Opinion

The oil magician!

Hard Talk

October 21, 2019
The oil magician!

Hussein Shobokshi



WHEN the history of oil and its impact on the world's economy is reviewed, important milestones need to be considered. While oil was first discovered in China in 600 BC, the history of oil shaping economy began in North America, specifically in Canada, Ontario, in 1858.

But oil became a serious industry when oil was discovered in America, Pennsylvania in 1859, and that in commercial quantities.

The US and European giants began exploring prospecting opportunities, giving birth to BP, Royal Dutch Shell, Standard Oil, Texaco, Mobil and Exxon. Gradually, oil has become the most important economic commodity that harnesses political action around the world.

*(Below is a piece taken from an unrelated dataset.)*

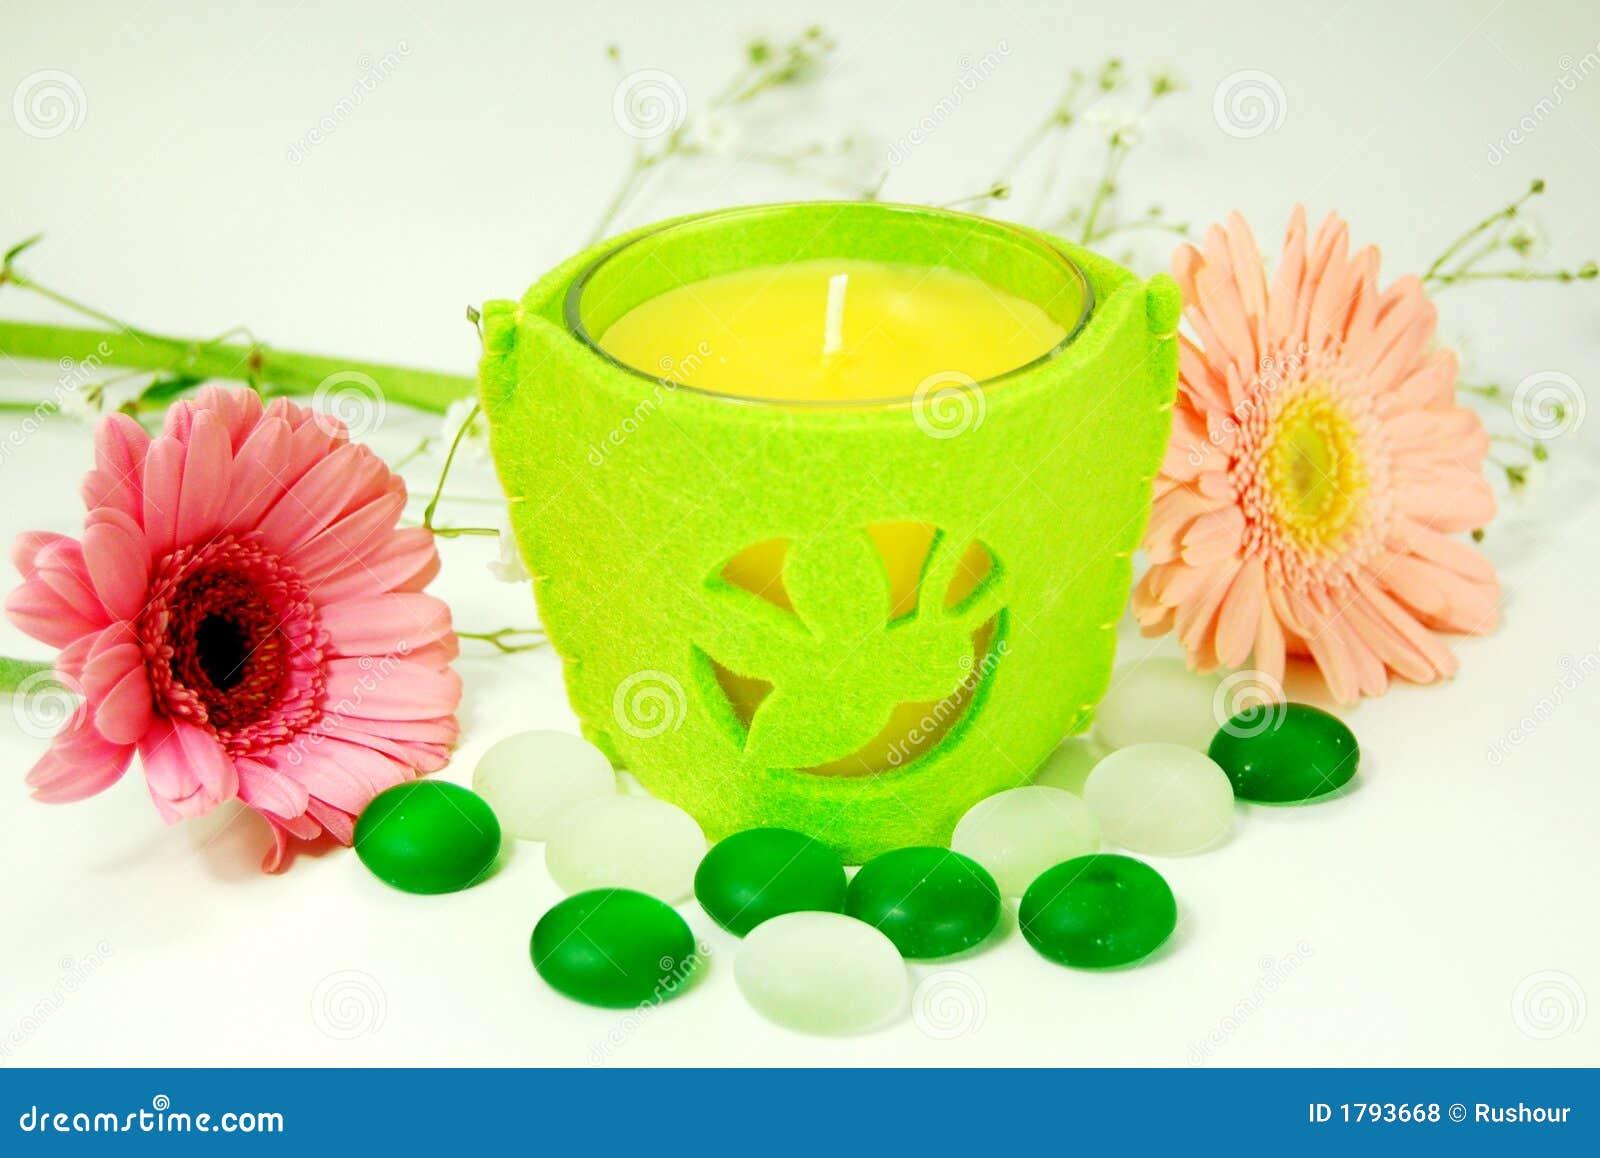 Aroma-Therapie-Kerze

For a long time, the commodity was driven by the rules of market economies based on supply and demand. This situation continued until the Arab boycott and the ban on oil exports to the West because of its support for Israel in the 1973 war.

Then came the era of the 1980s, in which the role of investment banks emerged as the most influence in determining the market prices with the future pricing of oil in violent speculations that defeated the producing countries and OPEC.

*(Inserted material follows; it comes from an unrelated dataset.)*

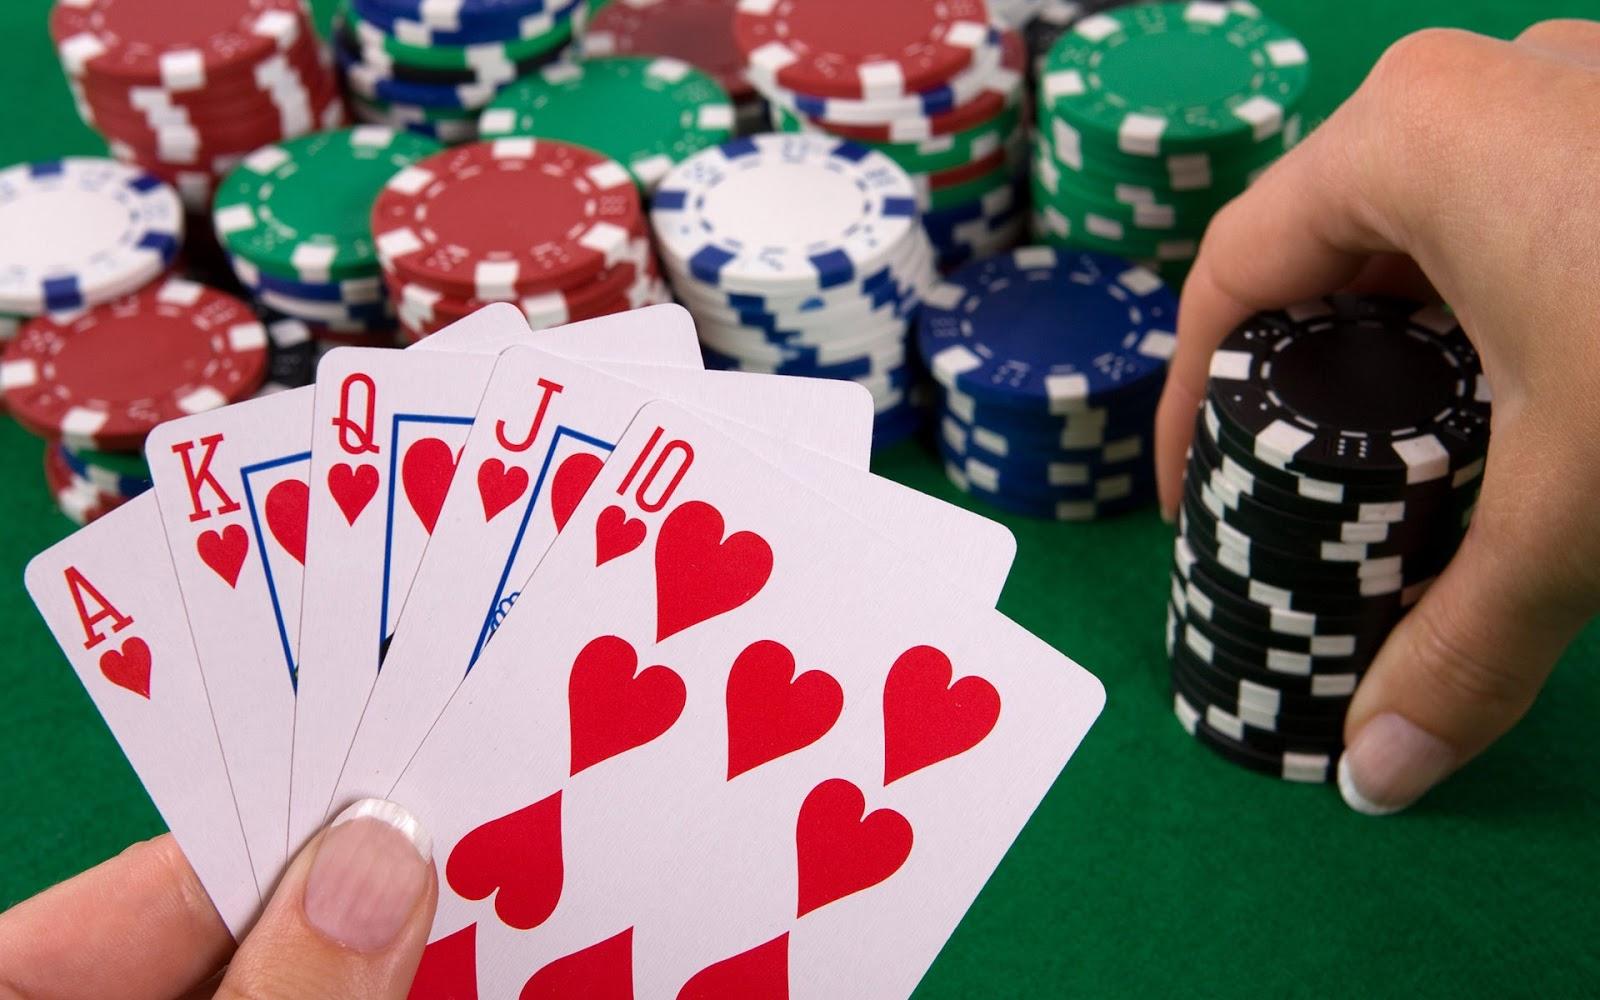 Hasil gambar untuk Membeli jackpot pada permainan poker online

Then came the phase of oil production by the North Sea countries and then the gradual rise of Russia's influence in the oil market as an influential and effective player, before the advent of the era of shale oil that too proved very influential.

During all this, we have seen significant political events such as Khomeini's revolution, the Iran-Iraq war, the occupation and freedom of Kuwait, the invasion of Iraq, the fall of Qaddafi, the war in Libya, the climate crisis and alternative energy and its increasing influence in various fields.

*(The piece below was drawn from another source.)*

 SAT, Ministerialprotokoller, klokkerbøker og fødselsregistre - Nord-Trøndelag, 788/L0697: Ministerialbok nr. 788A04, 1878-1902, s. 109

But there is a very important figure who does not receive enough reference even though the decision and the policy adopted is still one of the most important influences on the oil market today.

I mean here, former US Secretary of Energy Bill Richardson during the era of US President Bill Clinton, who introduced the policy of "using" the very abundant US stockpile as a political tool to pricing oil globally.

The market, at cheap prices, has a surplus, and therefore strategic stock has become an influential tool in the global oil market and is still operating today.

Richardson's policy has been described by some experts as "magic," which proved to be effective and this unconventional thinking changed the rules of the market until further notice.

There is an oil policy and there is politicization of oil and the difference between them is seen in the open market.